Отлично! Отрежьте все мои пальцы. Я — остаюсь я. Дух неразделен. Отрежьте обе кисти. Отрежьте обе руки у плеч! Отрежьте обе ноги у бедер. А я, непобедимый и неразрушимый, живу! Разве я умалился из-за этих увечий? Разумеется, нет! Остригите мне волосы. Срежьте острыми бритвами мои губы, нос, уши — да хоть вырвите глаза с корнем; и все же, замурованный в бесформенном черепе, прикрепленный к изрубленному, изувеченному торсу, в клетке униженной плоти остаюсь я, неизуродованный, неуменьшенный!
О, сердце еще бьется? Отлично! Вырежьте сердце или лучше, бросьте этот последний комок в машину с тысячей ножей и превратите его в окрошку — и я
— я — поймите вы это — дух, и тайна, и жизненный огонь — унесусь прочь. Я не погиб! Только тело погибло, а тело — это не я!
Я думаю, что полковник де Рочас был прав, утверждая, что напряжением воли он посылал девушку Жозефину, пока она находилась в гипнотическом трансе, назад через прожитые ею восемнадцать лет, через безмолвие и тьму, предшествовавшие ее рождению, к свету предыдущей жизни, когда она была прикованным к постели стариком, бывшим артиллеристом Жан-Клодом Бурдоном. Я верю, что полковник де Рочас действительно гипнотизировал эту воскресшую тень старика и напряжением своей воли посылал его в обратном порядке через семьдесят лет его жизни в тьму и затем в дневной свет его жизни в образе злой старухи Филомены Картерон.
И не показал ли я вам уже, мой читатель, что в предшествующие эпохи я обитал в разнообразных скоплениях материи: я жил в образе графа Гильома де СенМора, затем шелудивого и безвестного пустынника в Египте и мальчика Джесса, отец которого был начальником сорока повозок в великом переселении на Запад? А теперь, когда я пишу эти строки, не являюсь ли я Дэррелем Стэндингом, приговоренным к смерти узником Фольсомской тюрьмы, а некогда профессором агрономии в сельскохозяйственном колледже Калифорнийского университета?
Материя — великая иллюзия. Другими словами, материя проявляется в форме, а форма — не что иное, как видение. Где находятся сейчас искрошенные утесы Древнего Египта, на которых я некогда лежал, как дикий зверь, мечтая о Царстве Божием? Где теперь тело Гильома де Сен-Мора, пронзенного насквозь на освещенной луною траве пламенным Гюи де Вильгардуэном?

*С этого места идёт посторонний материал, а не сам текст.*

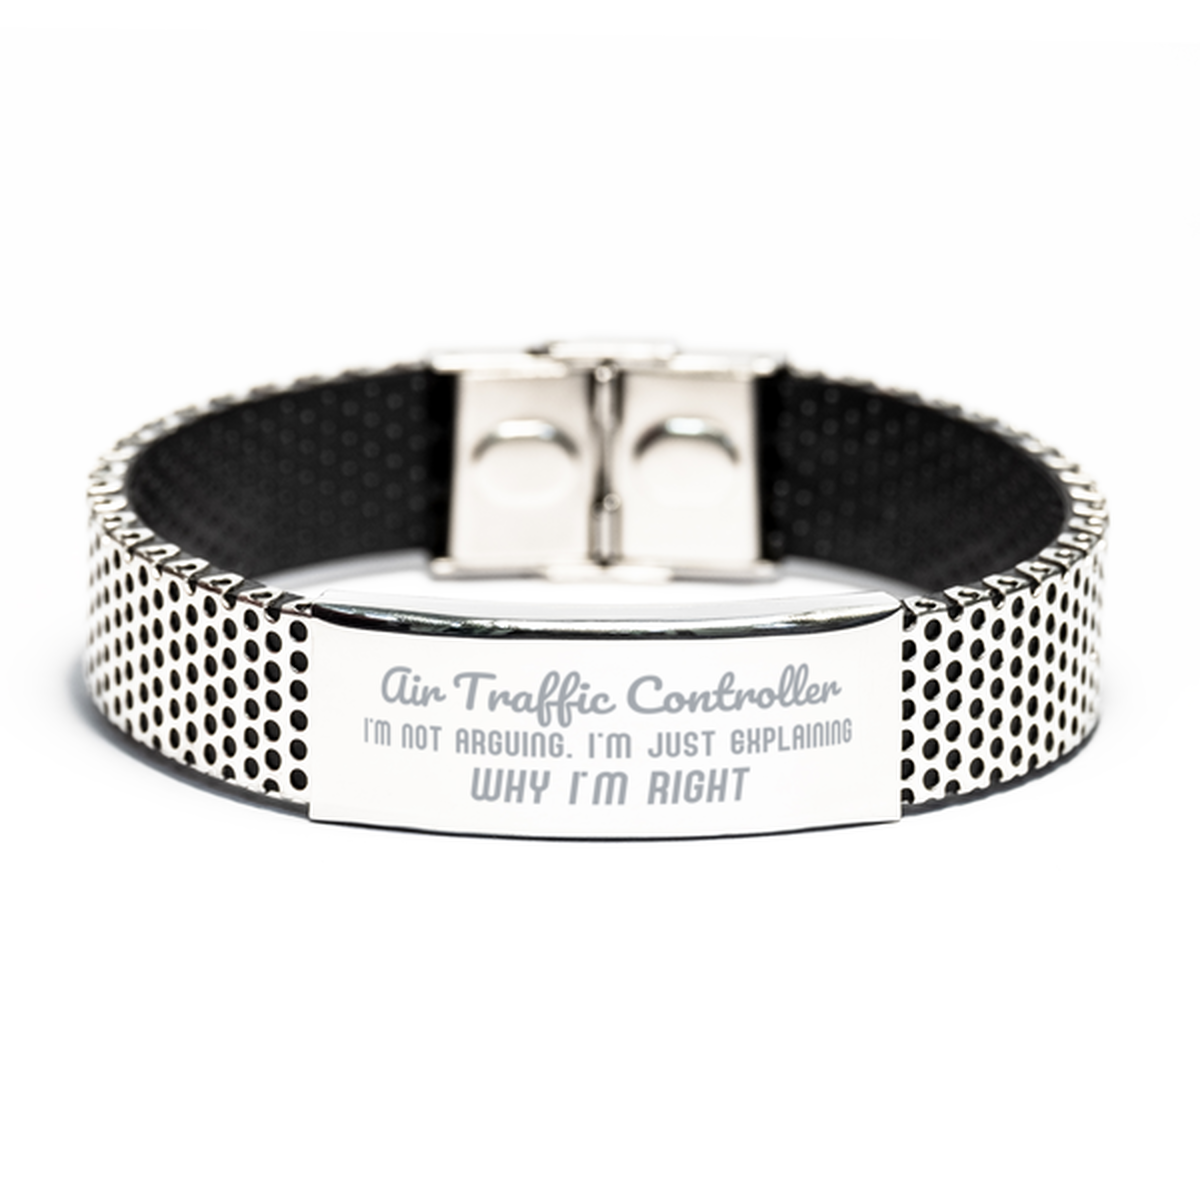 Air Traffic Controller I'm not Arguing. I'm Just Explaining Why I'm RIGHT Stainless Steel Bracelet, Funny Saying Quote Air Traffic Controller Gifts For Air Traffic Controller Graduation Birthday Christmas Gifts for Men Women Coworker

Где сорок огромных повозок, составленных кругом в Нефи? Где мужчины, женщины, дети и тощий скот, помещавшиеся внутри этого круга? Все это не существует, ибо все это были формы проявления текучей материи. Они прошли — и их нет.
Аргументация моя донельзя проста. Дух — единственная реальность, которая существует. Я — дух, и я существую, продолжаюсь. Я, Дэррель Стэндинг, обитатель многих плотских обителей, напишу еще несколько строк этих воспоминаний, а затем в свою очередь исчезну. Моя внешняя форма, мое тело сгинет, когда его достаточно долго продержат подвешенным за шею, и ничего от него не останется во всем мире материи. А в мире духа останется память о нем. Материя не имеет памяти, ибо формы ее исчезают, и то, что запечатлено в них, исчезает вместе с ними.
Еще одно слово, прежде чем я вернусь к моему повествованию. Во всех моих скитаниях во тьме других жизней, принадлежавших мне, я ни разу не мог довести до конца то или иное скитание. Много былых существований пережил я, прежде чем мне удалось вернуться к мальчику Джессу в Нефи. Возможно, что в конечном итоге я испытал переживания Джесса десятки раз, иногда начиная его карьеру маленьким мальчиком в поселениях Арканзаса, и по крайней мере десяток раз проходил мимо пункта, в котором я его оставил в Нефи. Рассказывать обо всем подробно было бы напрасной тратой времени; и поэтому, не в ущерб правдоподобию моего рассказа, я обойду молчанием то, что в нем смутно, неясно и повторяется, и изложу факты так, как я их воссоздал из разных моментов, — в общем так, как я их переживал.